European Case Law Identifier: ECLI:AT:OGH0002:2025:0090OB00069.24Y.0122.000

Rechtsgebiet: Zivilrecht

Entscheidungsart: Ordentliche Erledigung (Sachentscheidung)

 

Spruch:

1. Der Revision wird gegenüber der Erstbeklagten Folge gegeben. Das Teilurteil des Berufungsgerichts sowie das Ersturteil werden in diesem Umfang aufgehoben und die Rechtssache zur neuerlichen Entscheidung nach Verfahrensergänzung an das Erstgericht zurückverwiesen.

Die Kosten des Rechtsmittelverfahrens sind weitere Verfahrenskosten.

2. Die Revision wird gegenüber der Zweitbeklagten zurückgewiesen.

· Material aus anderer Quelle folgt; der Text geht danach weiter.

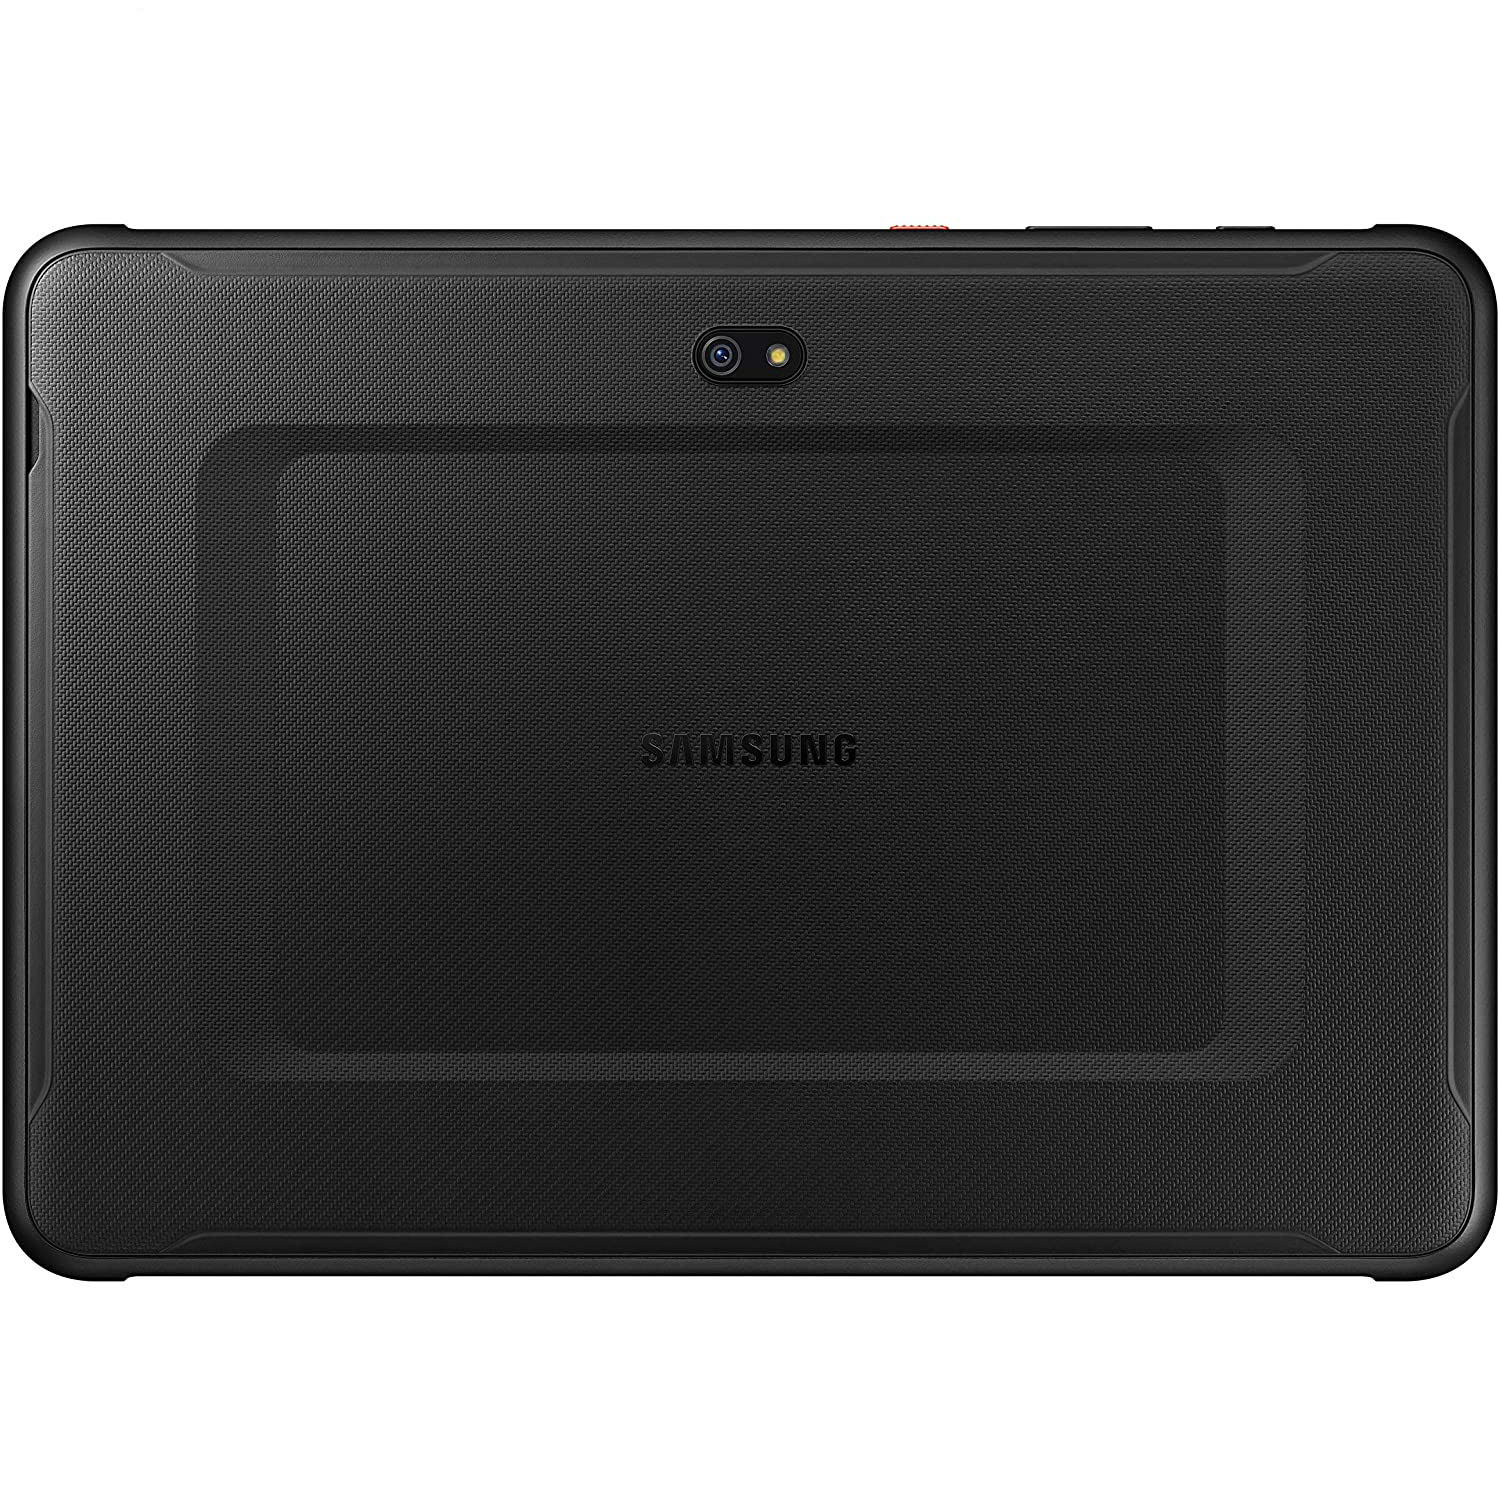  تبلت سامسونگ مدل Galaxy Active Pro SM-T547 ظرفیت 64 گیگابایت 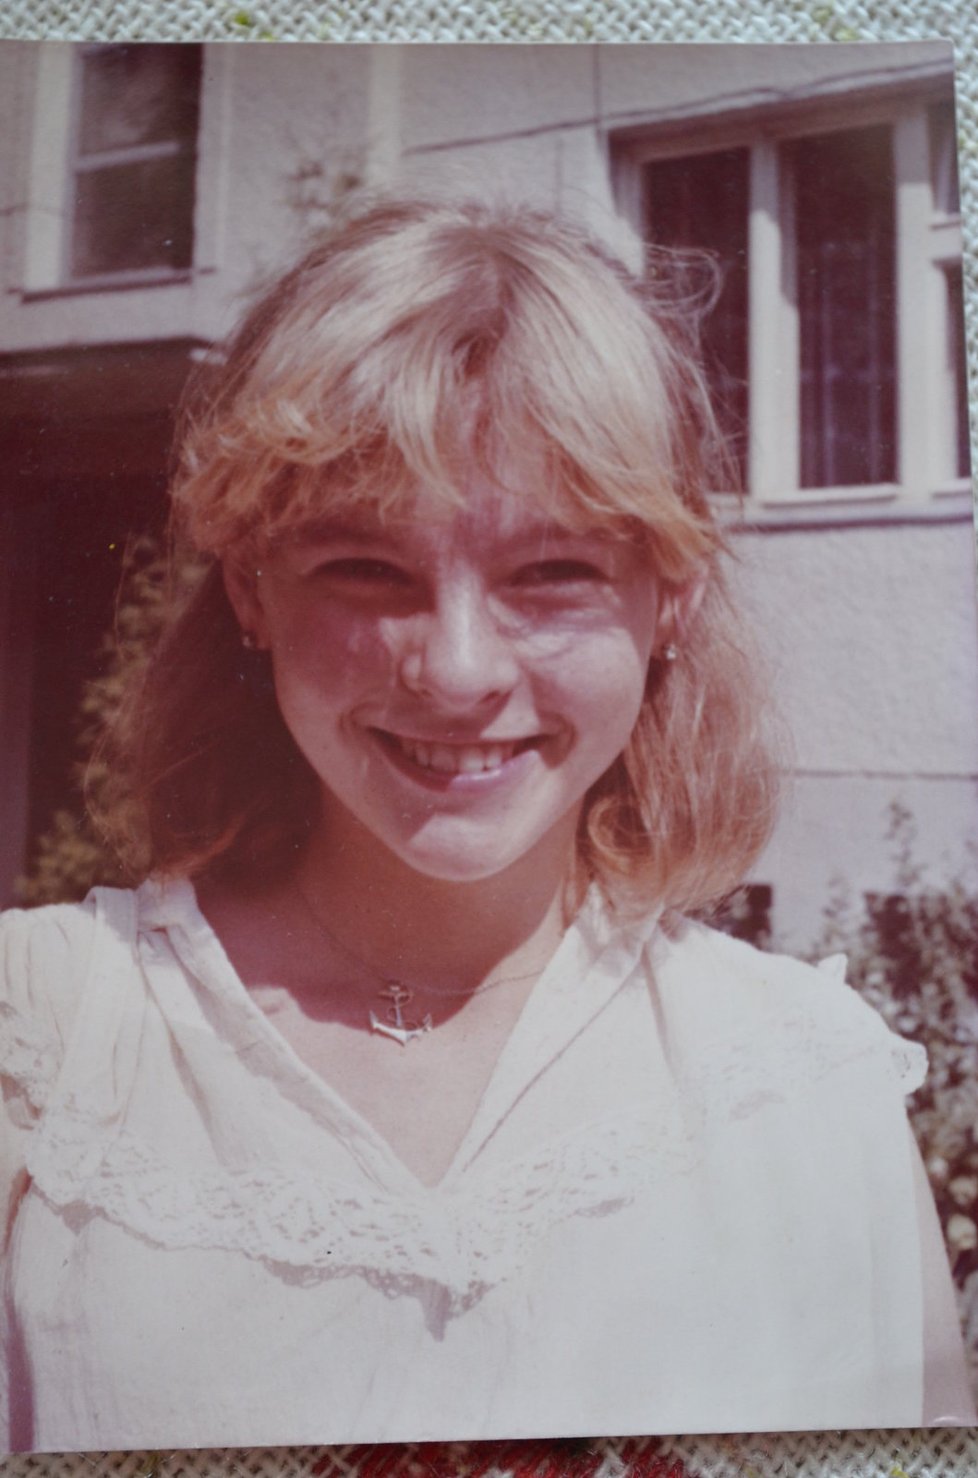 1982: Zpěvačce bylo krásných 16 let a měla své sny, jejím největším bylo stát se slavnou zpěvačkou.

Die Kläger sind zur ungeteilten Hand schuldig, der Zweitbeklagten die mit 2.335,87 EUR (darin 389,31 EUR USt) bestimmten Kosten des Revisionsverfahrens binnen 14 Tagen zu ersetzen.

 

Begründung:

[1] Die damals zwei, knapp vier und fünf Jahre alten Kläger waren ab 1. 6. 1991 für sechs, zehn und sieben Jahre in einem vom erstbeklagten Orden betriebenen Kinderheim untergebracht. Dieses war ein bis 2014 bestehendes Vertragsheim der drittbeklagten Stadt. Die Drittbeklagte als Kinder- und Jugendhilfeträger war im Zeitraum der dortigen Unterbringung der Kläger für diese obsorgeberechtigt.

[2] Am 29. 1. 2019 suchte der Erstkläger, nachdem er sich zuvor bei einer Opferschutzorganisation wegen einer möglichen Entschädigung erkundigt hatte, die Ombudsstelle der Erzdiözese * für Opfer von Gewalt und sexuellem Missbrauch in der katholischen Kirche auf. Er gab dort an, dass er während seiner Zeit im Kinderheim täglich körperliche Gewalt habe erleben und mitansehen müssen. Als Beschuldigte nannte er drei Ordensschwestern sowie eine weltliche Erzieherin und einen unbekannten Priester. Er habe deshalb diverse Beziehungs- und sonstige Probleme.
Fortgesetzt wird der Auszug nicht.